He says he would prepare for a shock in the form of a tax refund reduction shock as the credit surrounding dependent care has changed significantly.

The child and dependent care credit was increased in 2021 to make child care more affordable for parents who work. The maximum amount allowed was $4,000 for one person, $8,000 for two or three persons who are eligible and it is refundable. The amount for 2022 has been reduced to $1,050 per qualifying person and $2,000. For two or more, it is now $1,050. The child tax credit will be reverted to $2,000 for all children for the 2022 tax year. It was $3,600 for children younger than six years old and $3,000 for those aged 6-17.

These are the cuts I made. It was a smart decision to forgo aftercare for my 5-year old son. Although my living room might look more like a volcano eruption, I will save $200 per month. This is a great option for remote workers who can manage having their child home for a few hours each day.

You could also contribute to a Dependent Care Flexible Savings Account, which allows you use pre-tax dollars for child care. Bell recommends that you max out the account and, if possible, use an employer FSA match.

Each household can contribute $5,000 to a dependent care FSA by 2023. If you are married filing separately, $2,500 is possible.


You may want to look for ways to lower your grocery bills if your snack cupboard runs out within three to five days due to your children’s overeating habits. If inflation is a factor, this may be a sign that you are feeling the pinch of rising food costs.
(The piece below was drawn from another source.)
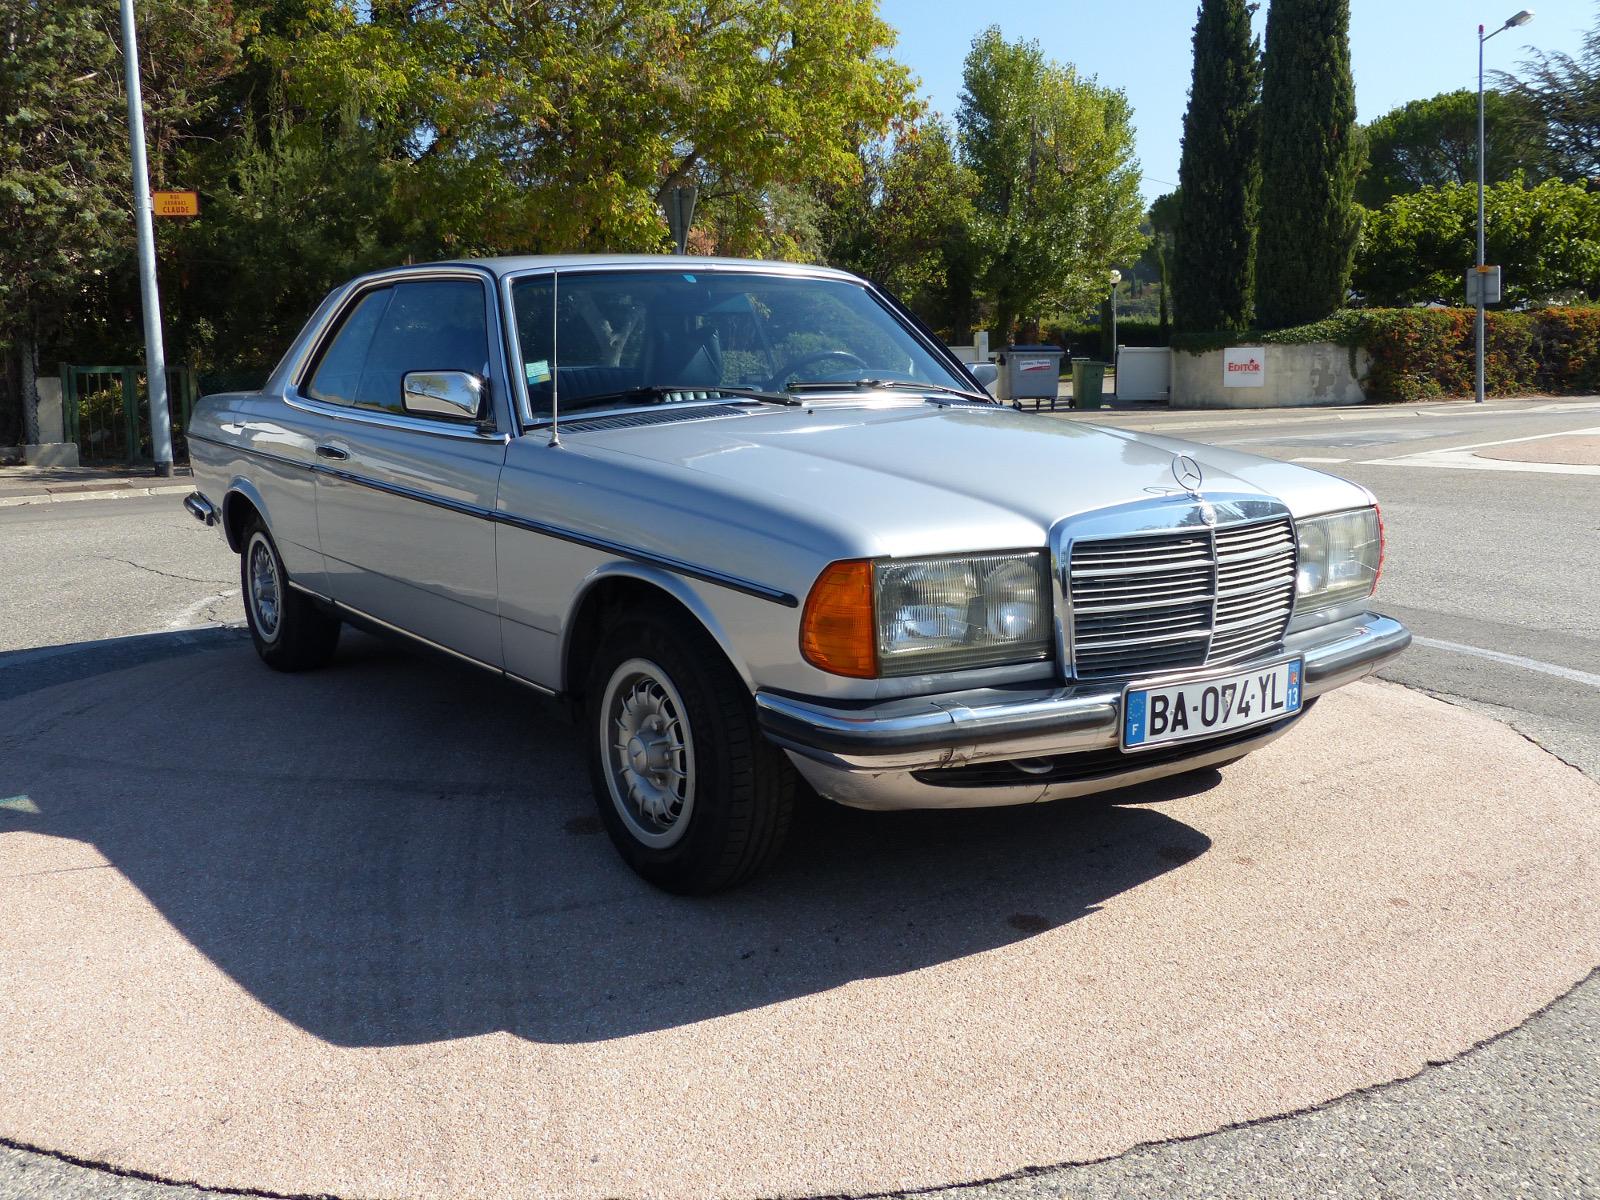 Mercedes benz 230 les annonces collection for Mercedes benz collection

Plan your shopping ahead of schedule to save money and avoid purchasing unnecessary items. Dominique Broadway is a personal finance expert who founded Finances Demystified Miami in Florida. She switched to grocery delivery to know exactly how much she will spend.

Broadway recommends that you place the same groceries into different delivery service provider carts to allow for side-by-side price comparisons.

You’ll be amazed at the amount of difference that can exist. Delivery fees and inflated prices can sometimes make the difference between 40 and 50 dollars. She says that this can add up over time.

Health care

When you pay your premiums monthly, it can be a significant expense. Your out-of-pocket expenses can be increased by adding copays to every visit to the doctor.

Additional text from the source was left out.